Exercise goal:
Transcribe the full listing exactly, and drop every picture.

Provided material:
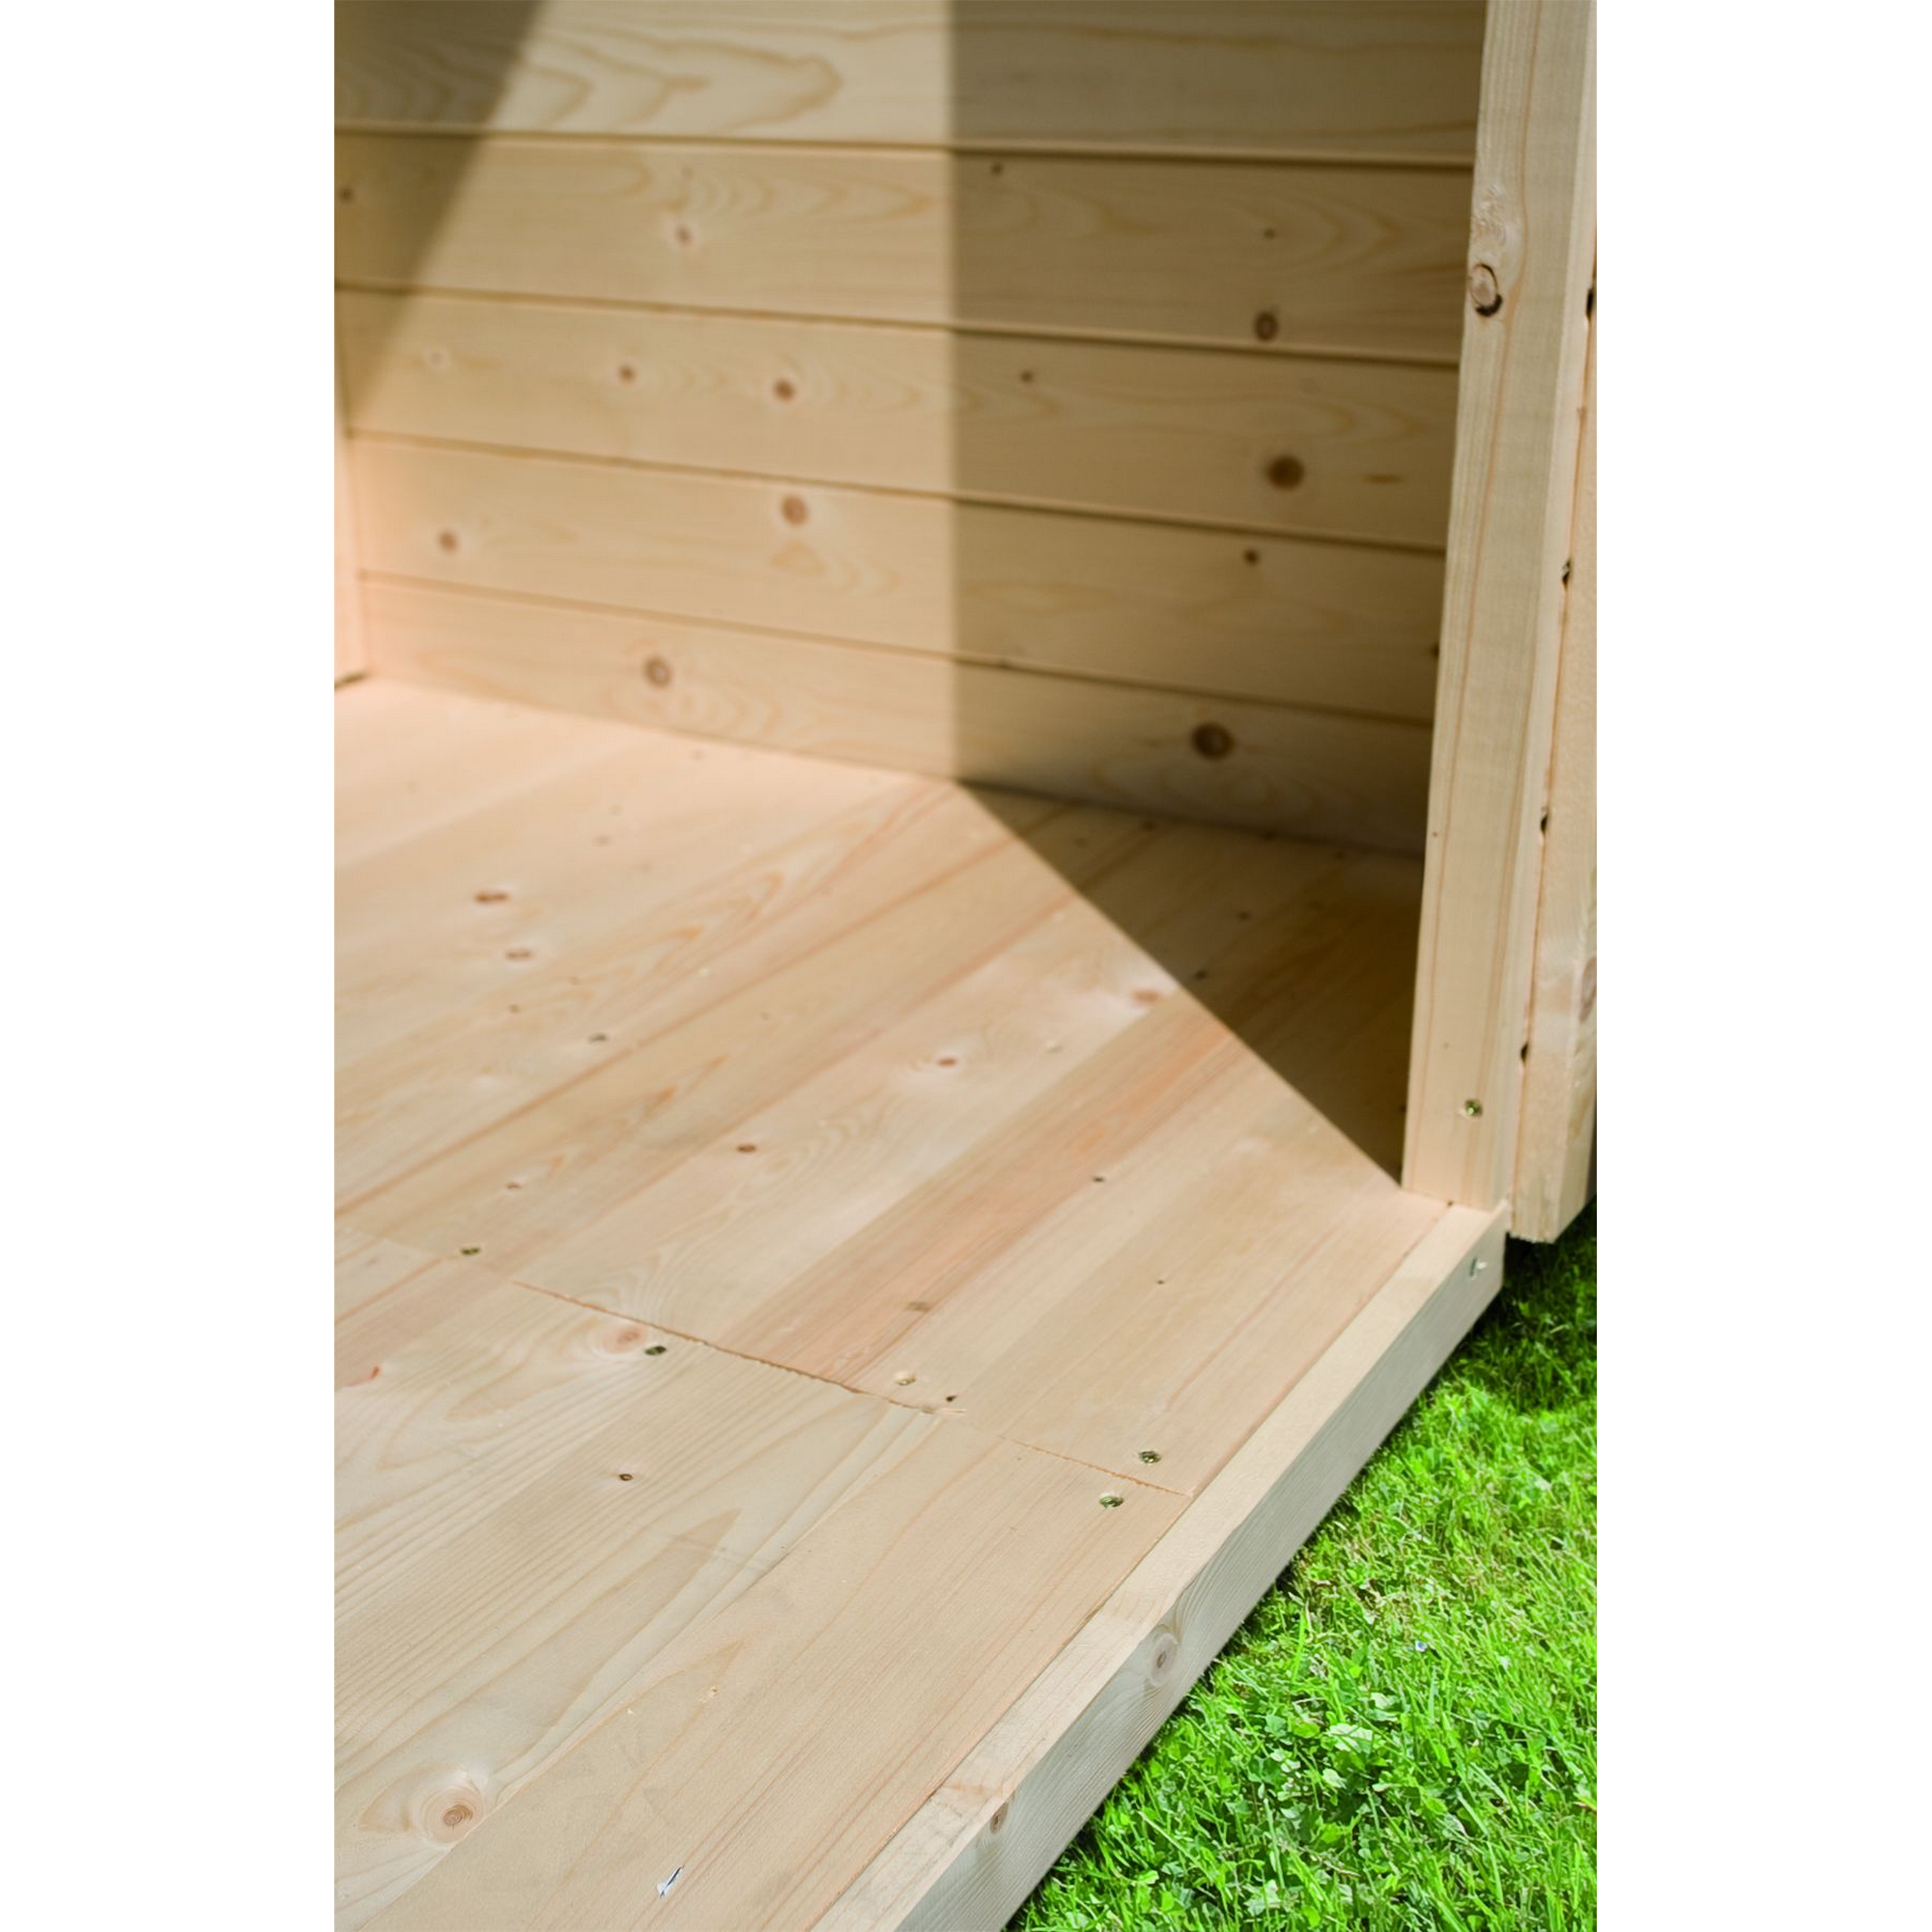 Gartenhaus mit Sauna 'Alberto' terragrau 9 kW Bio-Ofen externe Steuerung 304 x 304 x 250 cm + product picture
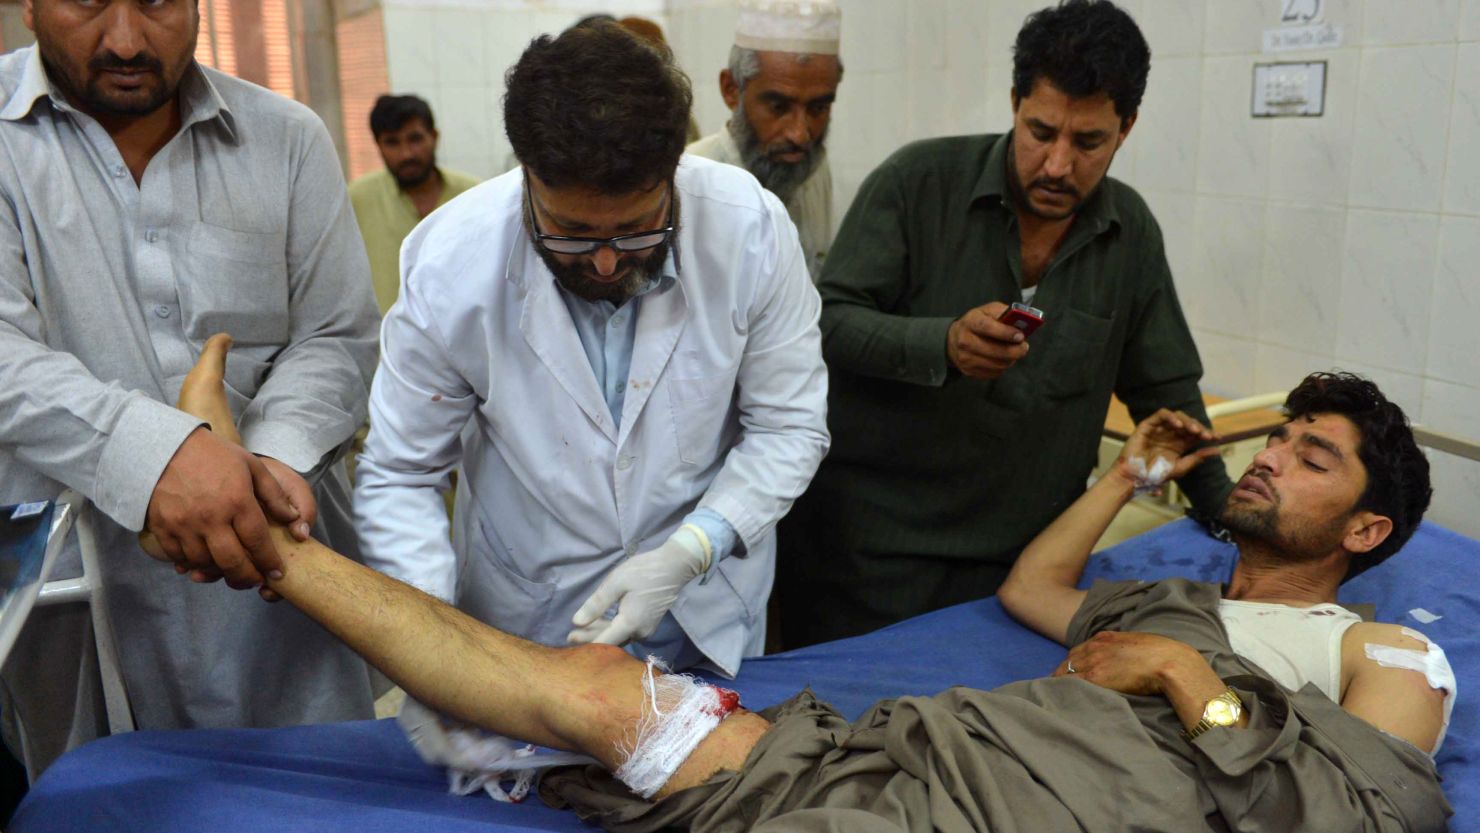 Pakistani paramedics treat an injured man following a bomb blast in Peshawar on April 29, 2013.
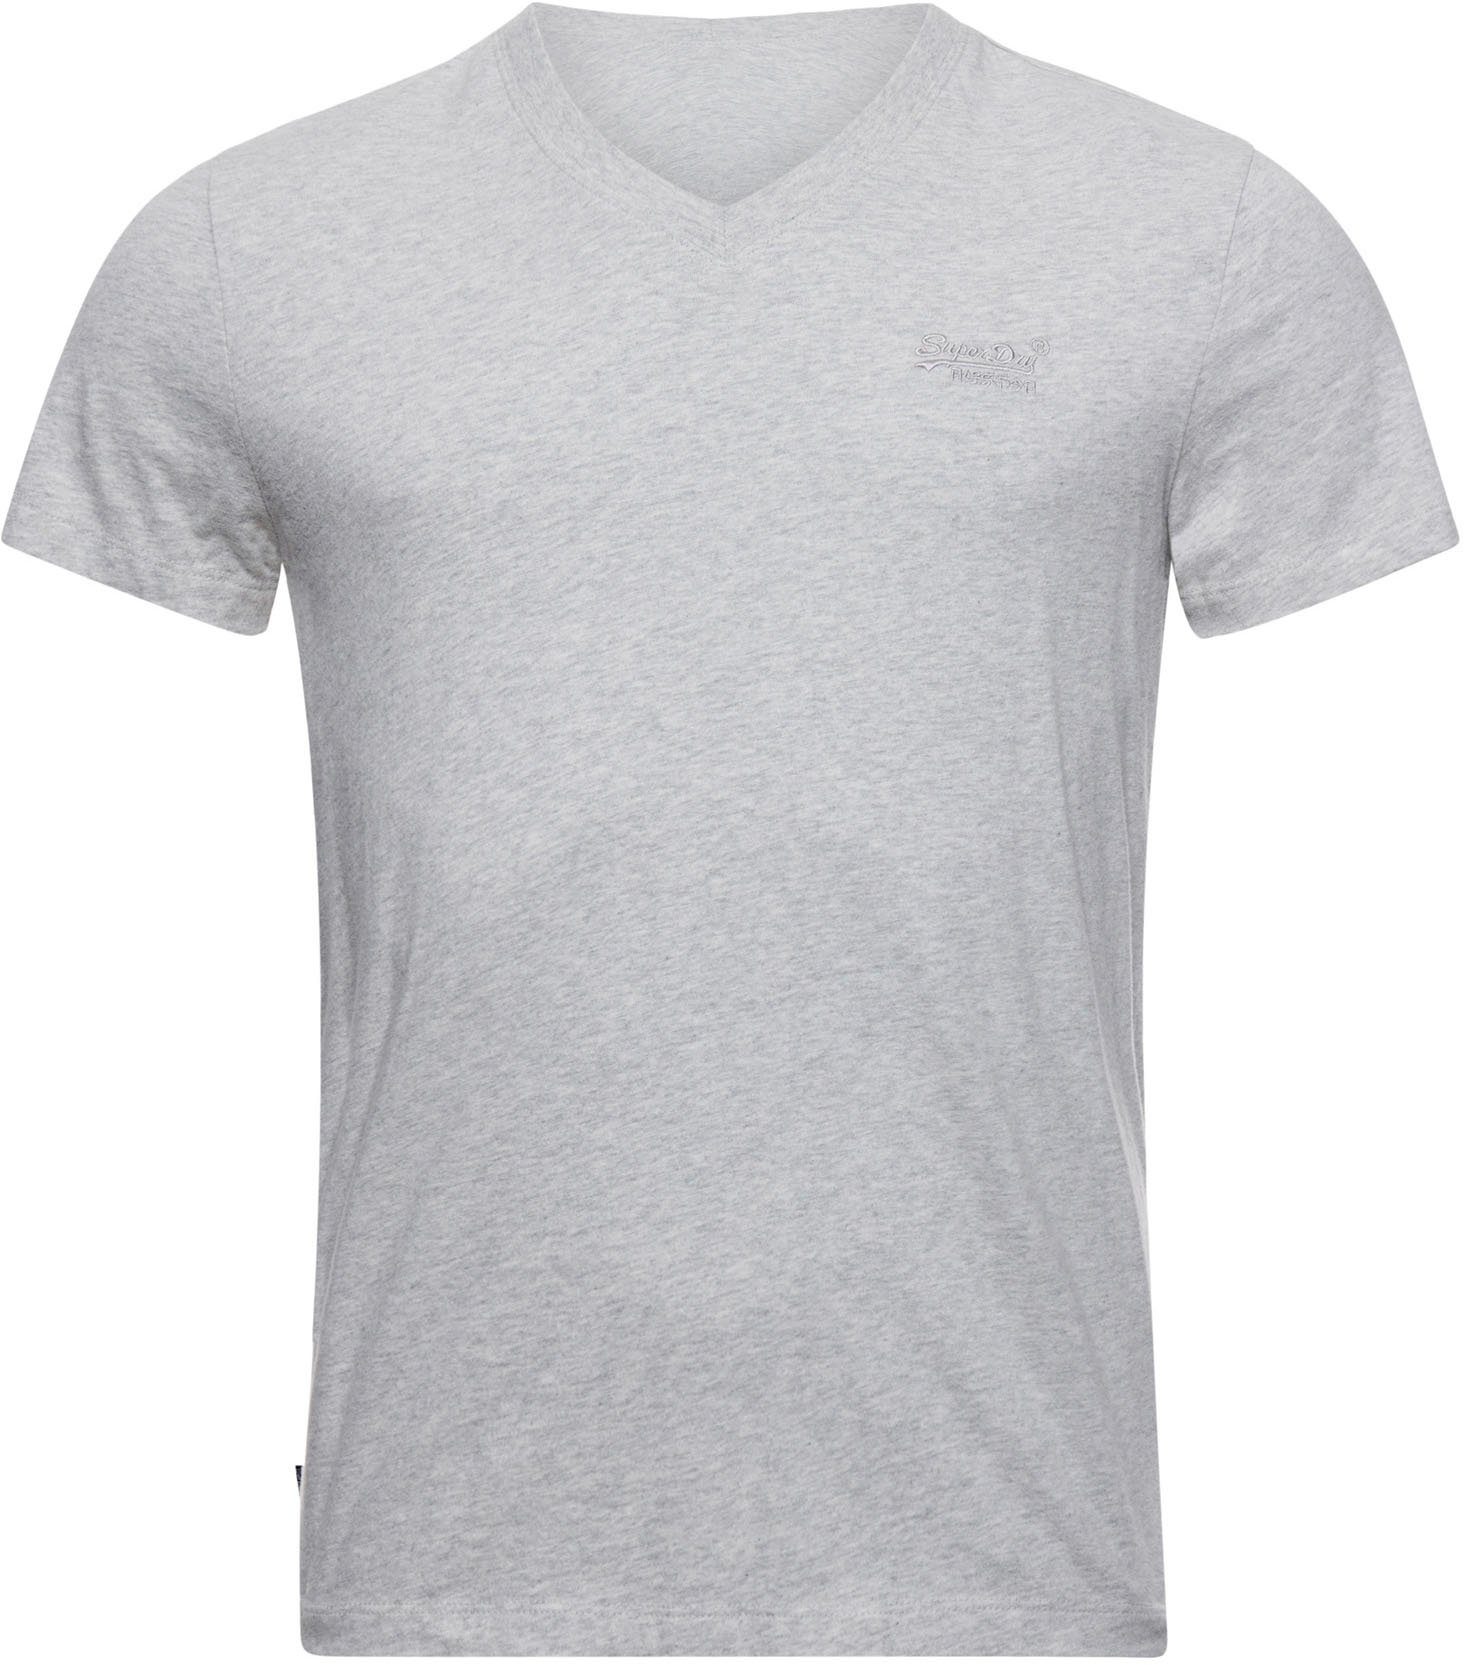 athletic LOGO V-Shirt EMB VINTAGE VEE grey Superdry marl

Exercise solution:
 Gartenhaus mit Sauna 'Alberto' terragrau 9 kW Bio-Ofen externe Steuerung 304 x 304 x 250 cm + product picture
 Pakistani paramedics treat an injured man following a bomb blast in Peshawar on April 29, 2013.
 athletic LOGO V-Shirt EMB VINTAGE VEE grey Superdry marl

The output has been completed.